Incident Management

An incident management process is a set of procedures and actions taken to respond to and resolve critical issues. Only such issues that satisfy all 3 conditions below are qualified as Incidents:

  • impact the normal operation of the critical service

  • noticeable by external or internal users of Knoema

  • significantly negatively impact the user experience

Documents how to work with incidents:

https://www.atlassian.com/ru/incident-management/handbook/incident-response#assess

5 Steps of Incident Management

Roles

Incident Manager

@Konstantin Trukhin (Unlicensed)

Responsibilities of Incident Manager: Collect information about open incidents and communicate the status to CSM team in #platform-support Slack channel.

Incident Team

The incident team is a team of persons from the engineering side who are helping the incident manager with the investigation from the technical side.
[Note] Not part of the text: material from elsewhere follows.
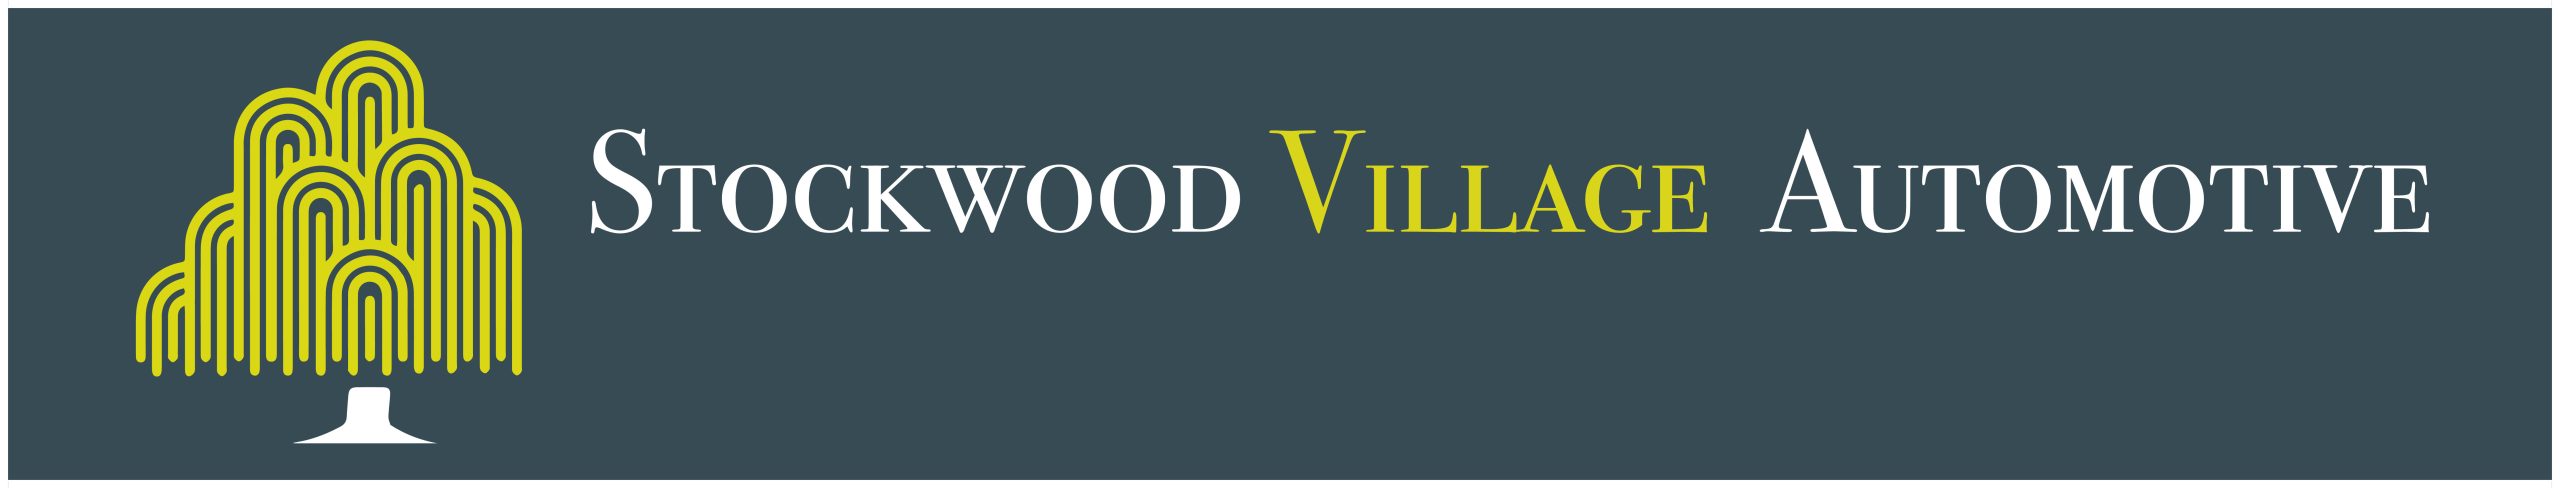 Stockwood Village Automotive Logo

The members of the incident team will be changed from sprint to sprint.

  • Data OASIS - @Niyaz Batyrov (Unlicensed)

  • Enterprise Core and Data Hub - @Alexey Matyukhin (Unlicensed)

  • Expert Tools - @Vitaly Popov (Unlicensed)

 

Incident SLAs

Severity

General description of severity

Status update frequency

Severity

General description of severity

Status update frequency

1 - Critical

  • Critical client service or its critical client components are not responding

  • Users are cannot complete routine tasks.

  • Restarting the services or servers do not help

  • Client data lost

  • Confidential or Sensitive data leak

  • Workaround is not available

Every hour

2 - High

  • Critical client service or its critical client components are not accessible for some of the clients

  • Critical client service response is heavily delayed (load time increased 200%)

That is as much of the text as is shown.